Статья эта, по сравнению с юношеским предисловием к ‘Гимназическим речам Гегеля’, напечатанным в ‘Московском Наблюдателе’ за 1838 г., знаменовала радикальный переворот в воззрениях Бакунина. Написанная философическим языком, туманным и иносказательным, она однако имела смысл резкий и ясный, полный революционного чувства. Никакой речи о признании разумности окружающего мира в ней не было. Никакого примирения с действительностью, никакого к ней пиэтета. Напротив. Статья звучала, как протест, как призыв к революции, хотя и окутанный одеждами философской критики, которая направляла свое жало против немецкой реакционной идеологии. В статье этой Бакунин утверждал, что в порядке дня истории стоит главнейший вопрос об осуществлении свободы, т.-е., выражаясь иным языком, — о революции. Революция эта неизбежна, она созревает, нарастает, не только в Европе, но даже в России, и порабощенные народные массы, угнетенные и эксплоатируемые, с надеждой ожидают этого будущего. Все содержание статьи сводилось к мысли, что развитие исторического процесса неуклонно идет к разгрому реакции и победе революции.

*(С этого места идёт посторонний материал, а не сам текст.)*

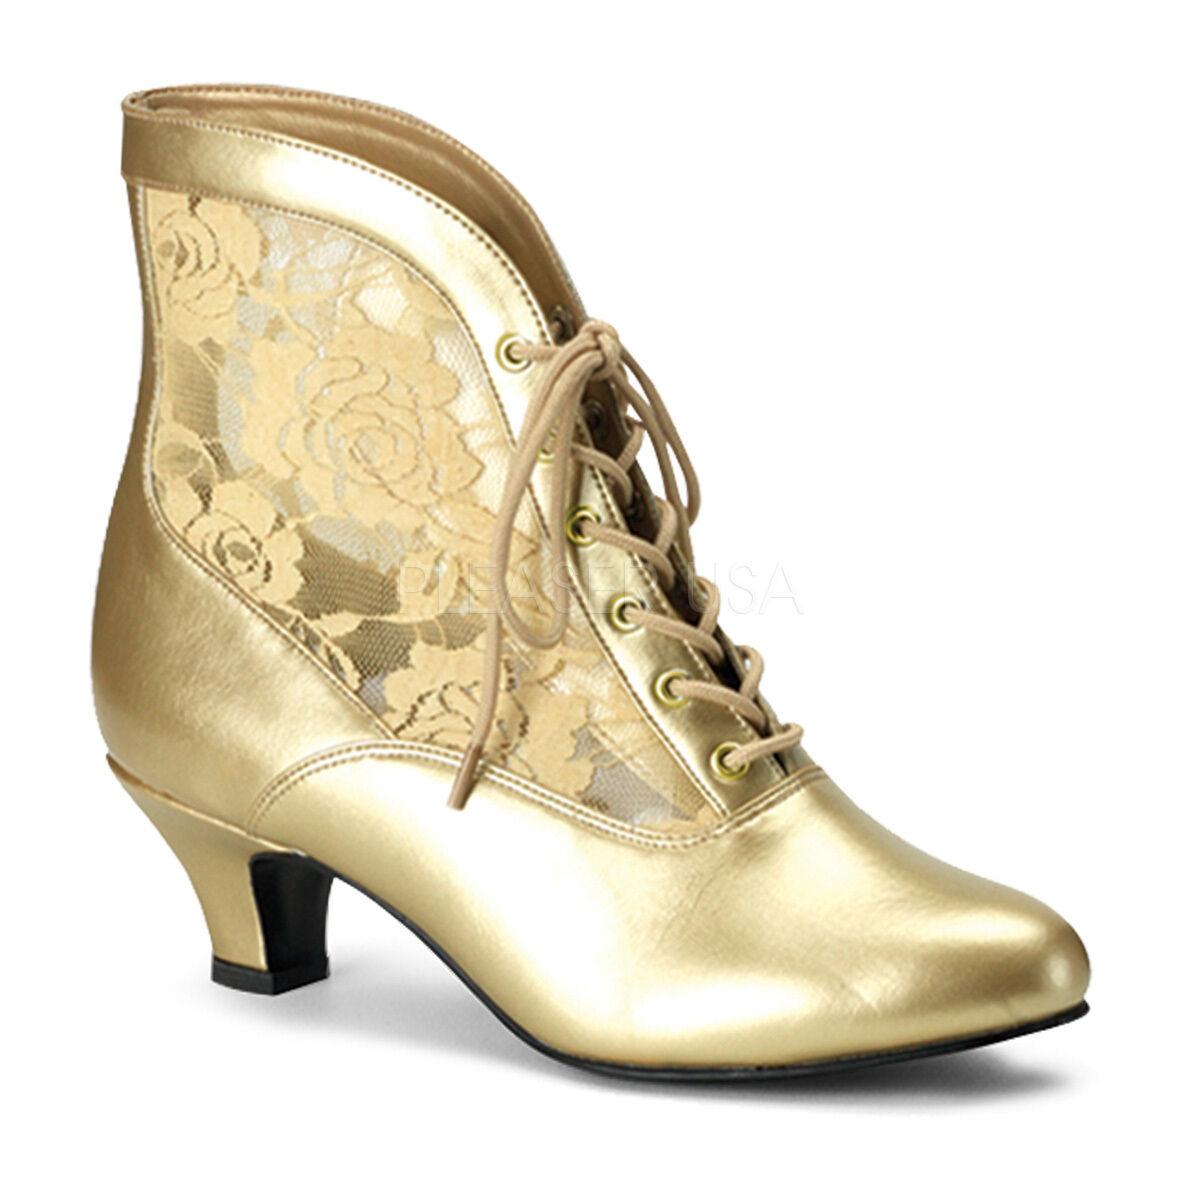 Or Victorian era période Marie Antoinette Reine Bottines Costume chaussures
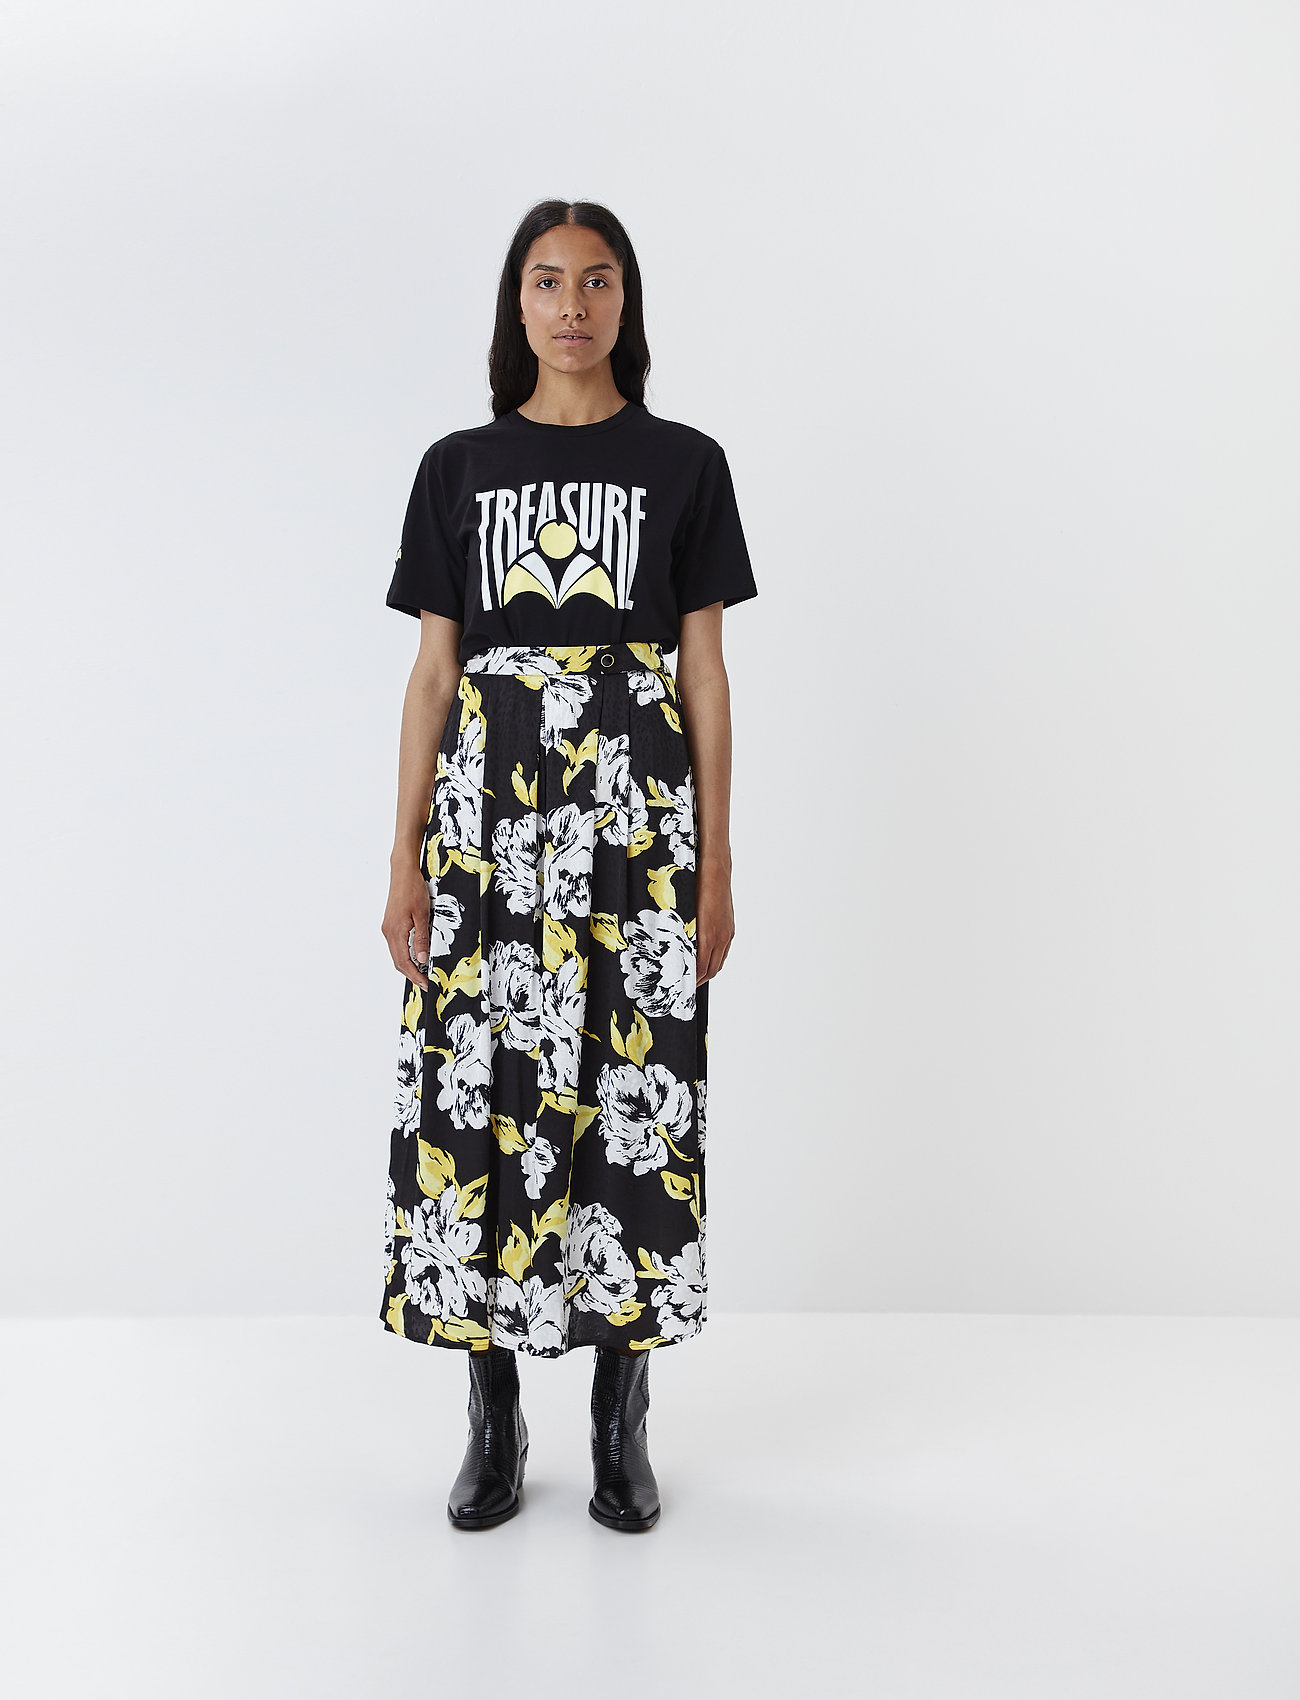 Gestuz - TreasureGZ tee MS20 - printed t-shirts - black - 0

Статья заканчивалась следующими словами:
‘Доверимтесь же вечному духу, который только потому разрушает и уничтожает, что он есть неисчерпаемый и вечно творящий источник всякой жизни’. И дальше: ‘Страсть к разрушению есть в то же время творческая страсть’.
Статья эта произвела сильное впечатление на Герцена. Об этом мы знаем из его дневника. Ею восхищались также новые немецкие друзья Бакунина, и можно считать бесспорным, что в развитии предреволюционных идей она сыграла значительную роль. Она выдвинула Бакунина в первые ряды революционной молодежи. Его известность вышла за пределы кружка друзей. И имя молодого русского обратило на себя внимание немецких жандармов. Этому способствовал, впрочем, еще ряд других обстоятельств.
Незадолго до того приехал в Дрезден Гервег, переживавший в то время расцвет своей поэтической славы.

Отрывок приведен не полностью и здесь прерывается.